Researchers must guard against the possibility that their gene-sequencing discoveries could aid in the creation of biological weapons, according to a commentary in the Oct. 22 issue of Nature Genetics (PDF).

The commentary, written by Claire M. Fraser of The Institute for Genomic Research in Rockville, Md., and Malcolm R. Dando of the University of Bradford Department of Peace Studies in England, was accepted for publication a few days before the discovery that biological attacks with anthrax had occurred in the United States.

According to the commentators, knowledge gained during the ongoing "genomics revolution" could be used by terrorists to render pathogens resistant to antimicrobial agents. Another possibility is that genetic material could be transferred from one pathogen to another to create deadly organisms or simplify the conversion of microbes to weapons.

Knowledge of the human genome, Fraser and Dando wrote, could be used in the future to aim pathogens at populations with targeted genetic traits or to create "stealth" organisms and "designer" diseases.

The commentators noted that the direct target of biological warfare need not be restricted to a human population. Bioterrorists could also attack food crops and animals, which, because of relatively little intraspecies genetic variation, may be particularly vulnerable to biological warfare.

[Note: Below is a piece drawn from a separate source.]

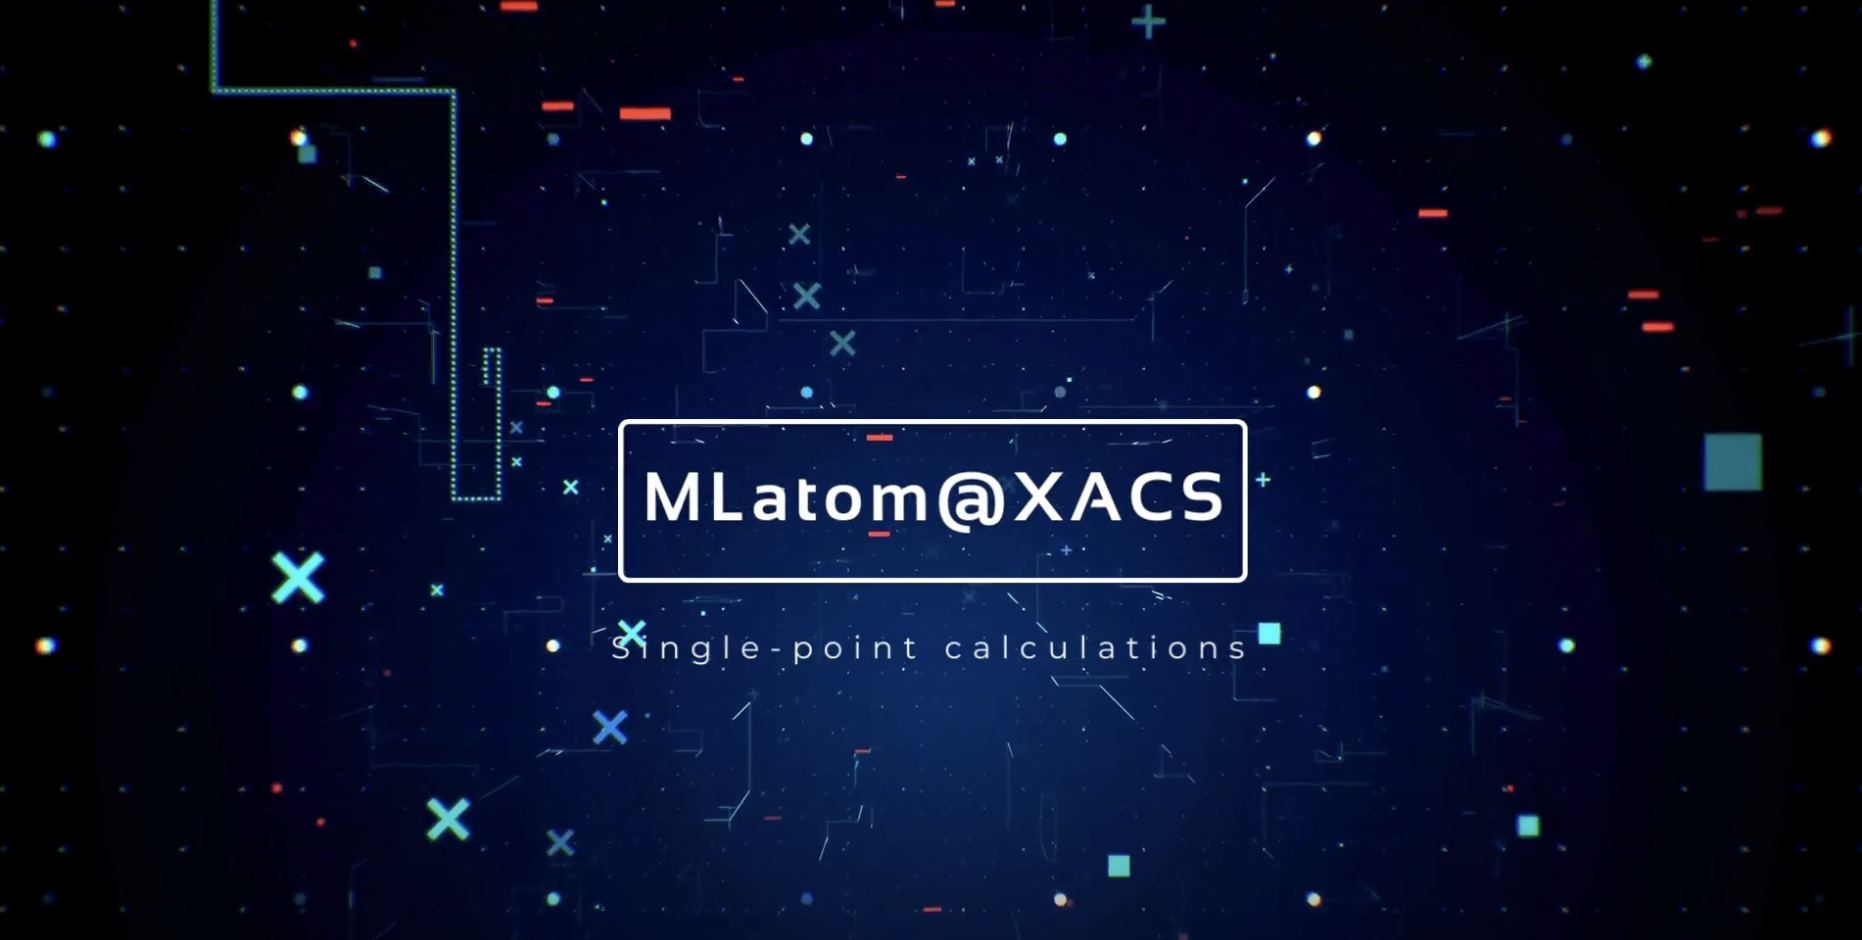 Tutorial on single-point calculations with MLatom@XACS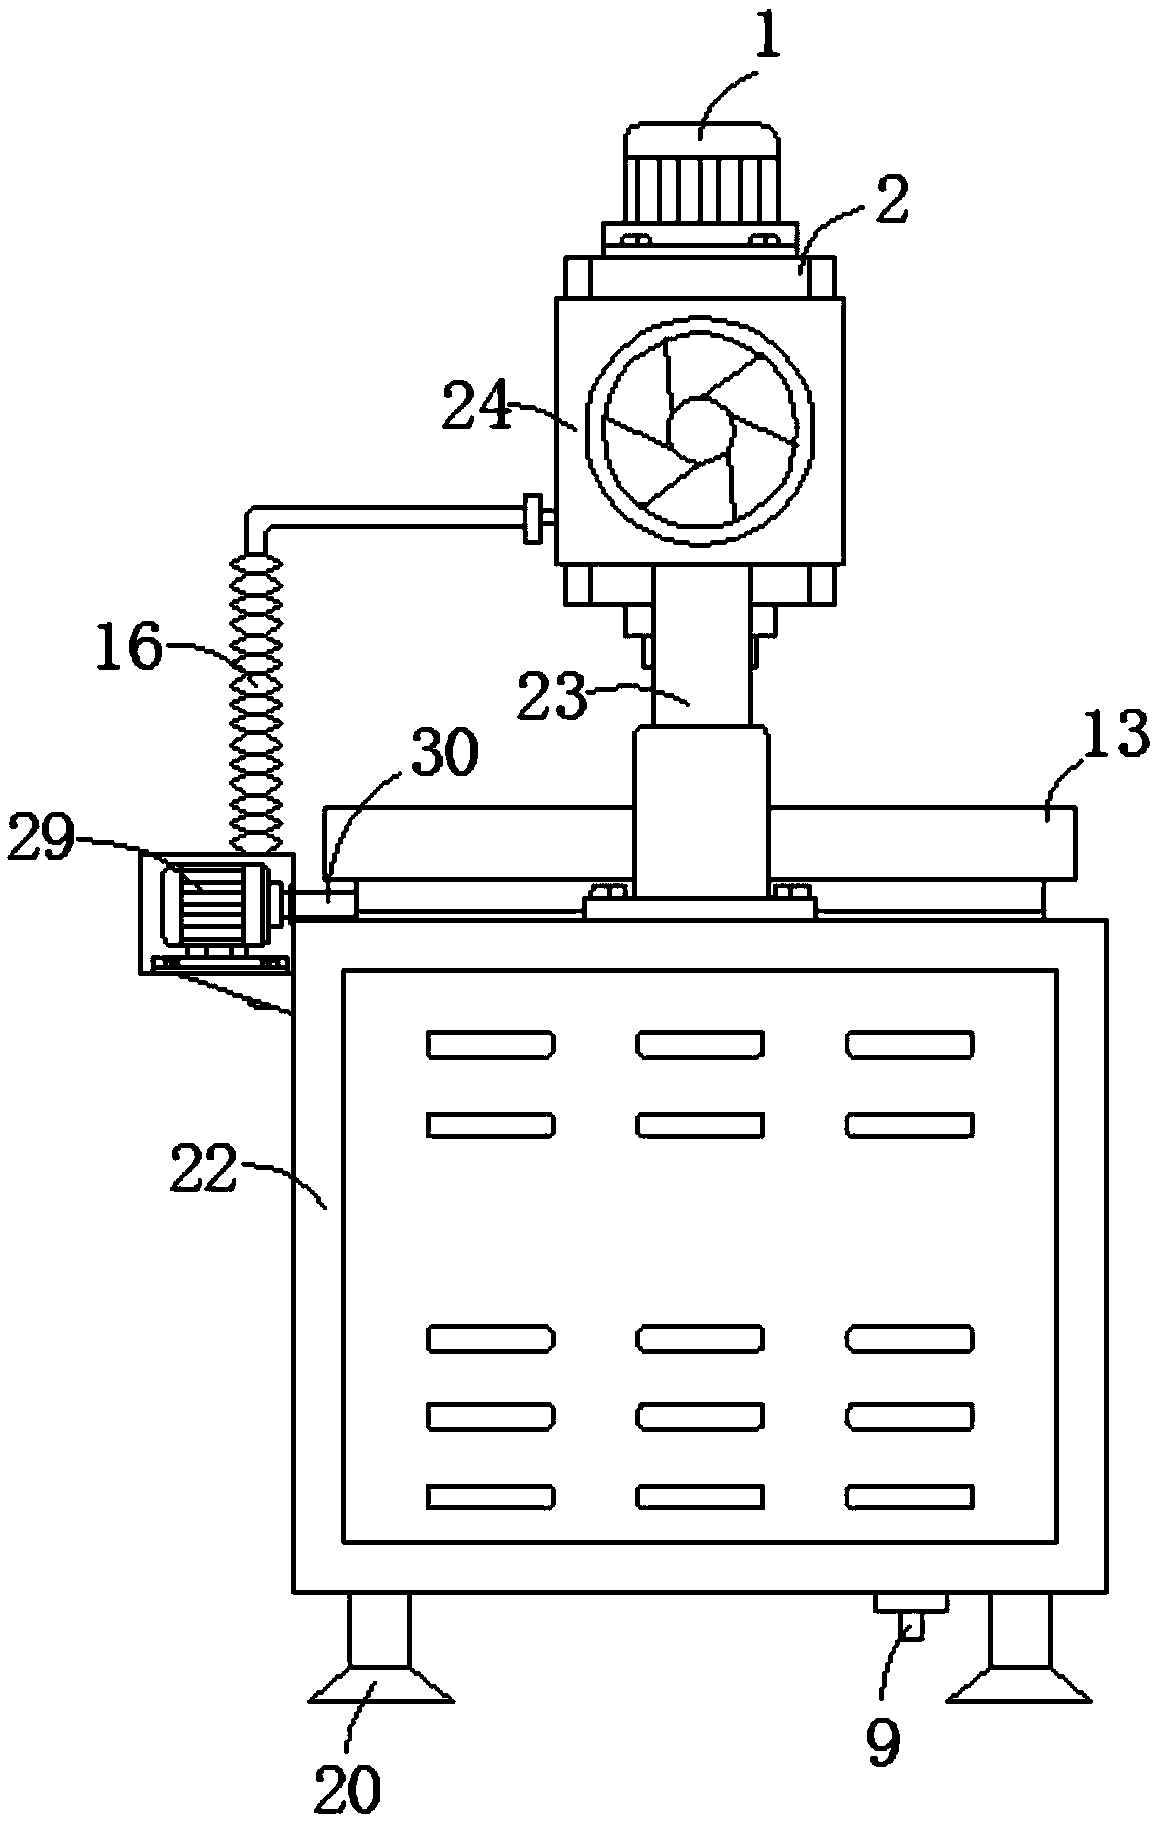 Numerically-controlled slot broaching device for furniture board processing

But research into genomics can counter some of the threats posed by the technology, the commentators wrote.

By decoding the genetic sequence of important pathogens, researchers could develop microarray technology to quickly detect biological warfare agents after their release. The commentators envisioned a futuristic "DNA chip" that would contain the coding sequences for many likely biological warfare agents and could be used to detect even genetically shuffled versions of these organisms.

Genomics-based vaccine development could also stave off the threat of bioterrorism. Such technology, the commentators noted, is already being used to "mine" the genes of pathogens to find new vaccine targets.

Fraser and Dondo viewed the use of genomics to guide the design of new antimicrobial agents as another promising research area. This technology could one day be used to create antimicrobials that are "highly specific for a particular agent" rather than a broad range of pathogens.

The commentators concluded that genomics-based research that increases the ability to detect, prevent, or treat bioterrorist attacks could decrease the likelihood of such attacks by making them "futile as well as morally acceptable." To achieve this end, the commentators urged the funding of genomics research that specifically addresses the threat of bioterrorism.